If I have any regret about my illness, it is not what it has done to me or my life, rather the devastating impact it has had upon my kid's. Now don't get me wrong. I'm well aware there are those much worse off than my kid's and me. Materialistically speaking, they want for absolutely nothing. Their mom remarried into significant family wealth and they are obvious benefactors of that act, receiving much more than I, even at the peak of my pre-illness earning capacity, could have ever hoped to provide. Yet they (my boy's anyway, my daughter's for another topic) yearn for only one thing: Their dad. Plain and uncomplicated. From the moment I had to leave they were daddy fixated, rebuffing the idea of 'replacements' and sticking with me through the absolute worst of times.

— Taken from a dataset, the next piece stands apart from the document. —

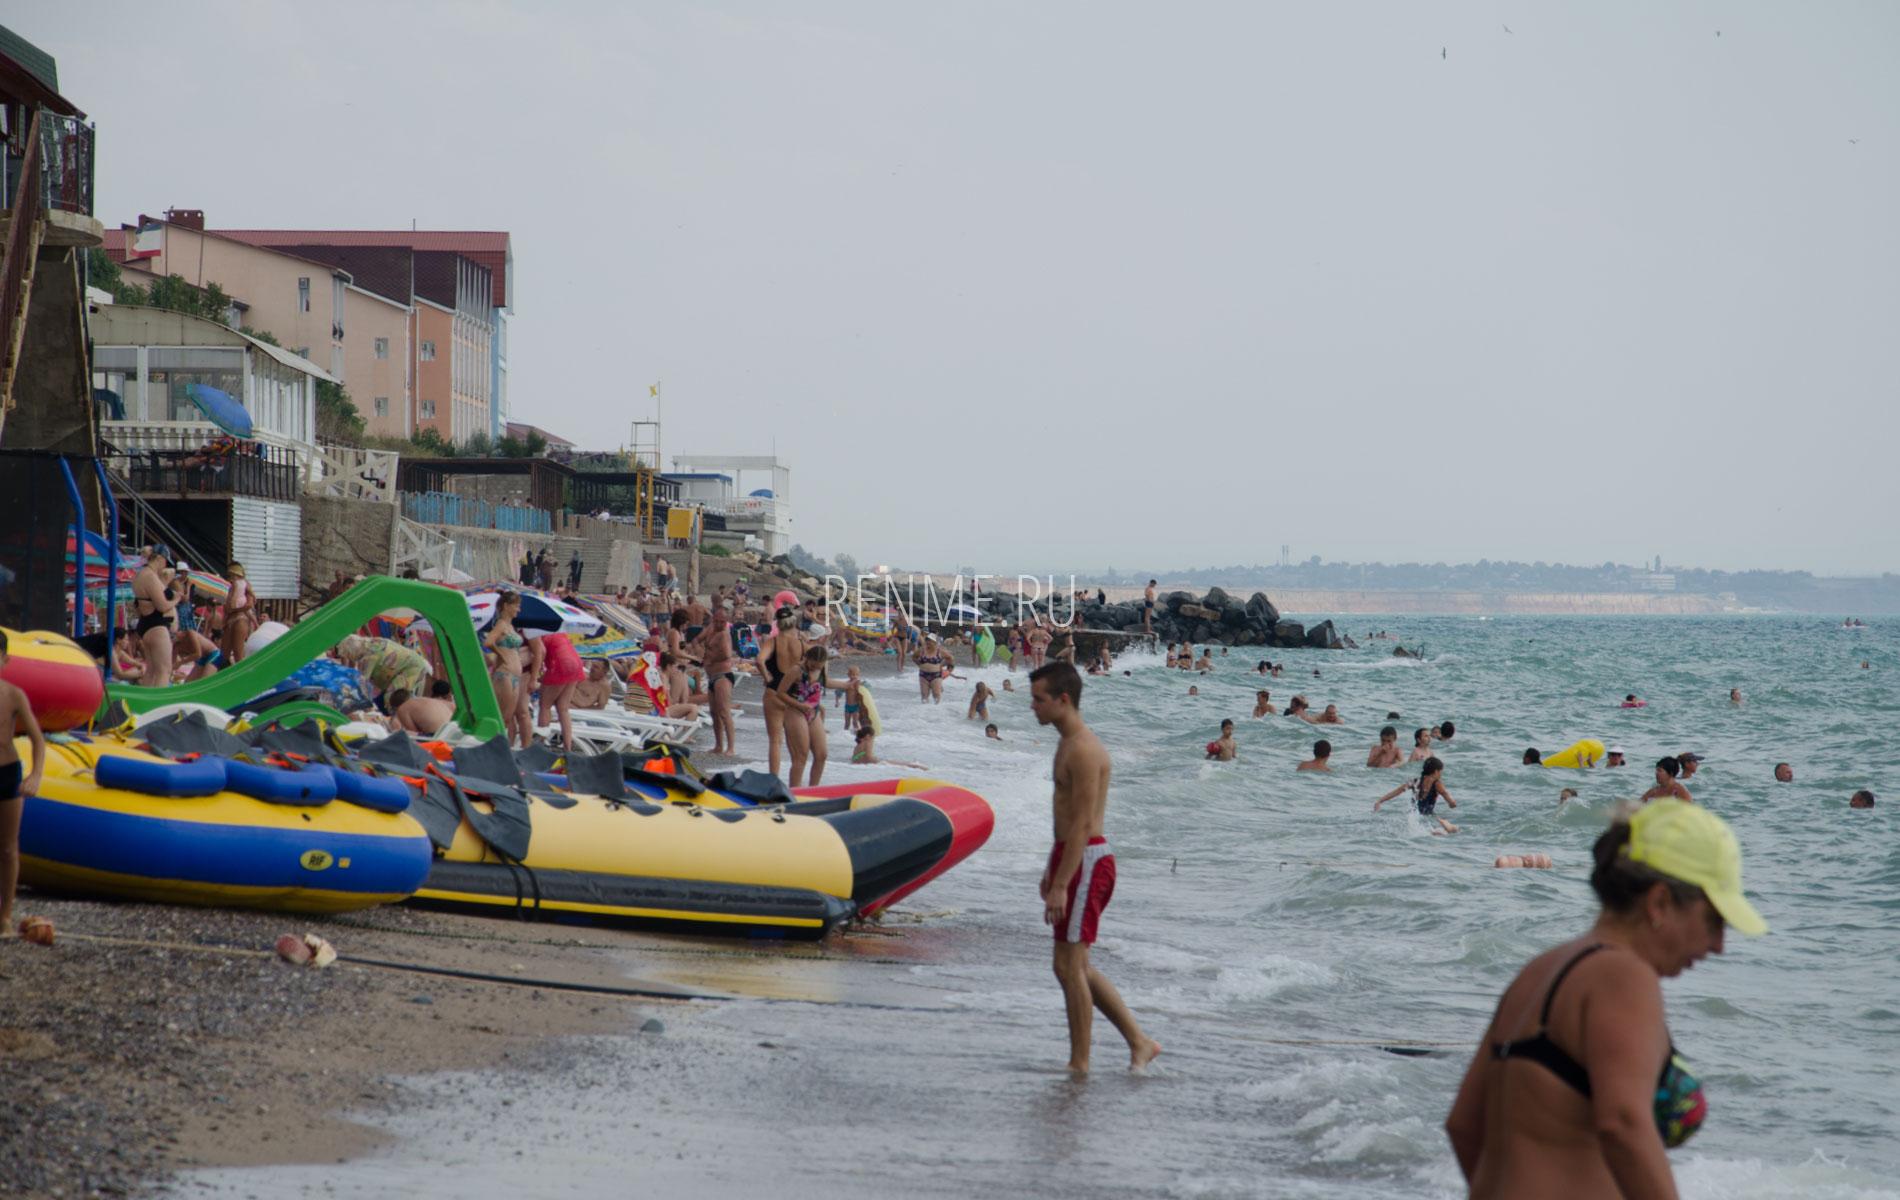 Развлечения на пляже летом. Фото Николаевки

You see, I am now a firm believer stress plays a significant role in the progression of MS, the same as any other commonly accepted inducer. I do not think it coincidence that my first irreversible attack occurred a mere six months after my divorce and a year subsequent to having to vacate my home. Battles over money, kids, and parental lifestyles while maintaining a variety of work obligations (I was a high school teacher) took there toll. I'm not sorry to admit that it was not easy for me. I missed seeing my kids on a daily basis. I had spent quality time with each and everyone of them from the moment of their birth. It was like trying to break a bad addiction that you really didn't wanted to break to begin with! My ex told me to get over it.......get over it? Easy to say when her lifestyle changed only to the extent I wasn't there everyday!...........A common thread I have with those who have this ailment and remember it is being thought if not spoken: "But you look great, I can't understand why you can't work".........ughhhhhhh.........Maybe we should call in for an audience before we fall and break our ribs or make a class announcement prior to pissing in our pants

Friday, August 21, 2009

Prologue

Multiple Sclerosis (MS). Hmmmm.......before July 13, 1997 never heard of the disease much less imagined I would become a victim of it. How do I remember the date? My son's 5th birthday party and it was sweltering out. Although not a lover of the heat by nature, a party is a party and as they say, 'the show must go on'. My duty.....barbecueing. Even though avoidance of any kitchen was a priority, come summer I considered myself a master chef! I was not Burger King however, you got it my way, not your's!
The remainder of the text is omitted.